StreamEvent extensions

New variants added to the existing StreamEvent enum:

pub enum StreamEvent {
    Token(String),
    ToolStart { name: String, args_summary: String },
    ToolDone  { result_summary: String },
    FileModified { path: String },   // triggers buffer reload
    Done,
    Error(String),
}

args_summary() on ToolCall extracts the path argument for display so the user can see which file is being touched without seeing the full JSON.

API request shape

{
  "model": "gpt-4o",
  "messages": [...],
  "tools": [...],
  "tool_choice": "auto",
  "stream": true,
  "temperature": 0.1,
  "max_tokens": 4096
}

temperature: 0.1 keeps edits deterministic. tool_choice: "auto" lets the model decide when to use tools vs reply with text.

Editor wiring (src/editor/mod.rs)

handle_agent_mode() passes the project root to submit():

let project_root = std::env::current_dir()
    .unwrap_or_else(|_| PathBuf::from("."));
let fut = panel.submit(context, project_root);

The project root is computed at submit time (not stored globally) so it reflects the working directory at the moment the user sends the message.


Consequences

  • Security boundary: safe_path() prevents the model from traversing outside the project root, but the tool can still overwrite any file within it. No read-only enforcement — the model could delete or corrupt source files.
  • Blocking tool execution: execute_tool() is synchronous and runs inside the agentic_loop tokio task. Large reads (multi-MB files) block that task's thread for the read duration. Acceptable for a terminal editor on local files.
  • No tool result truncation to model: the full tool result is sent back to the model regardless of length.
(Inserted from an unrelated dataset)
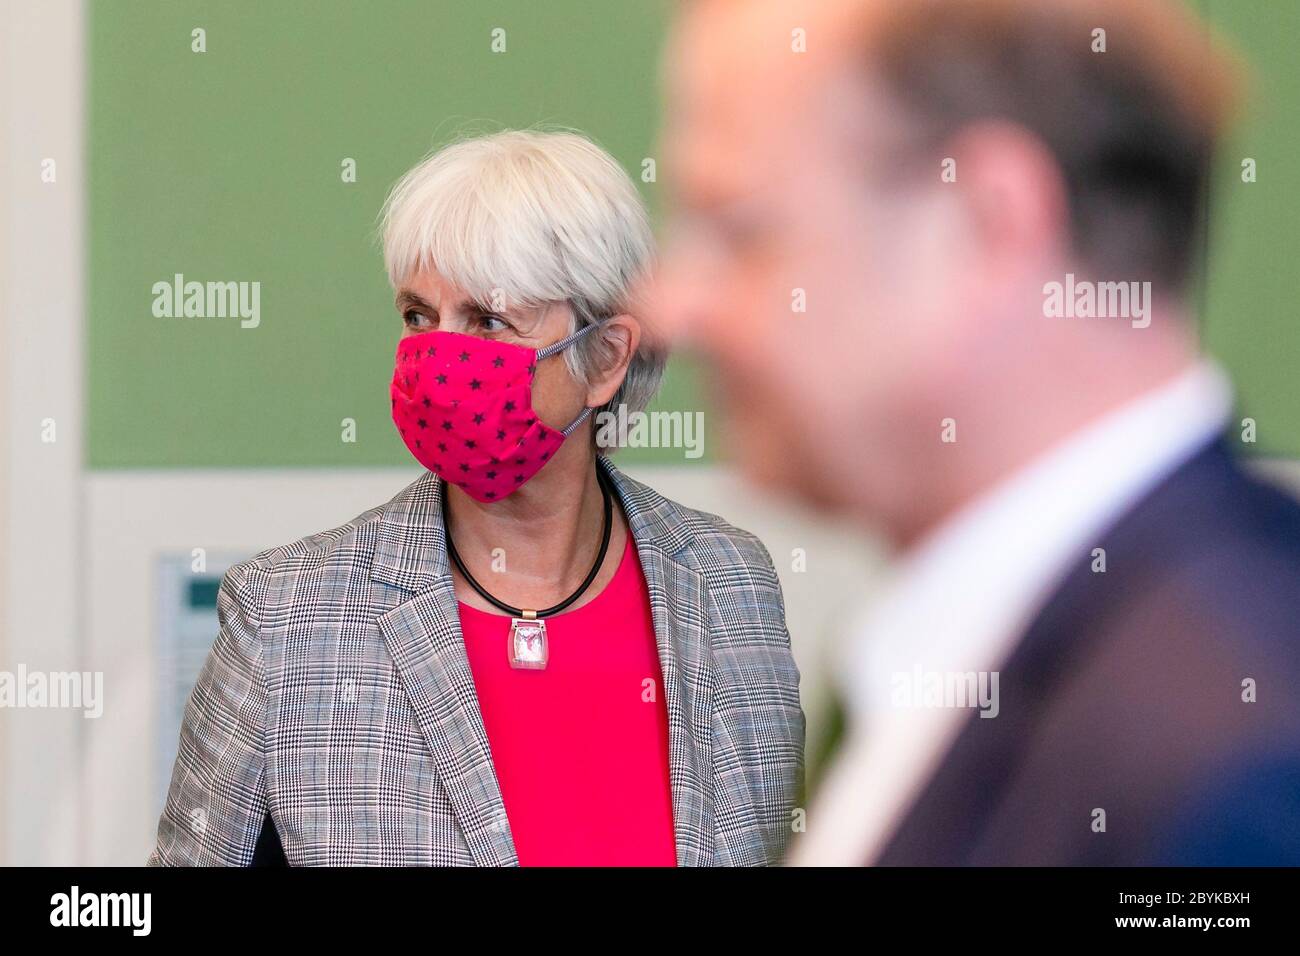 Kiel, Germany. 10th June, 2020. Ulrike Stahlmann-Liebelt, head of the public prosecutor's office in Flensburg, wears a nose-mouthpiece before a meeting of the interior and legal committee in the Kiel state parliament. The aim was to clarify why the main suspect in the case of the British girl Maddie McCann was temporarily released for about four weeks in 2008 due to a judicial breakdown at the Flensburg public prosecutor's office. The German man, who has committed multiple offences, is currently in prison in Kiel for a drug offence. Credit: Frank Molter/dpa/Alamy Live News Stock Photo

Very large files could saturate the context window and degrade response quality.
  • Context window growth: each round appends assistant + tool messages. A 20-round conversation on a 500-line file can easily reach 50 k tokens, approaching gpt-4o's 128 k limit. A summarisation or sliding-window strategy should be added.
  • Error recovery: the edit_file tool returns a descriptive error when old_str is not found or appears multiple times. The agentic loop feeds this error back to the model, which is expected to read_file and retry with correct content.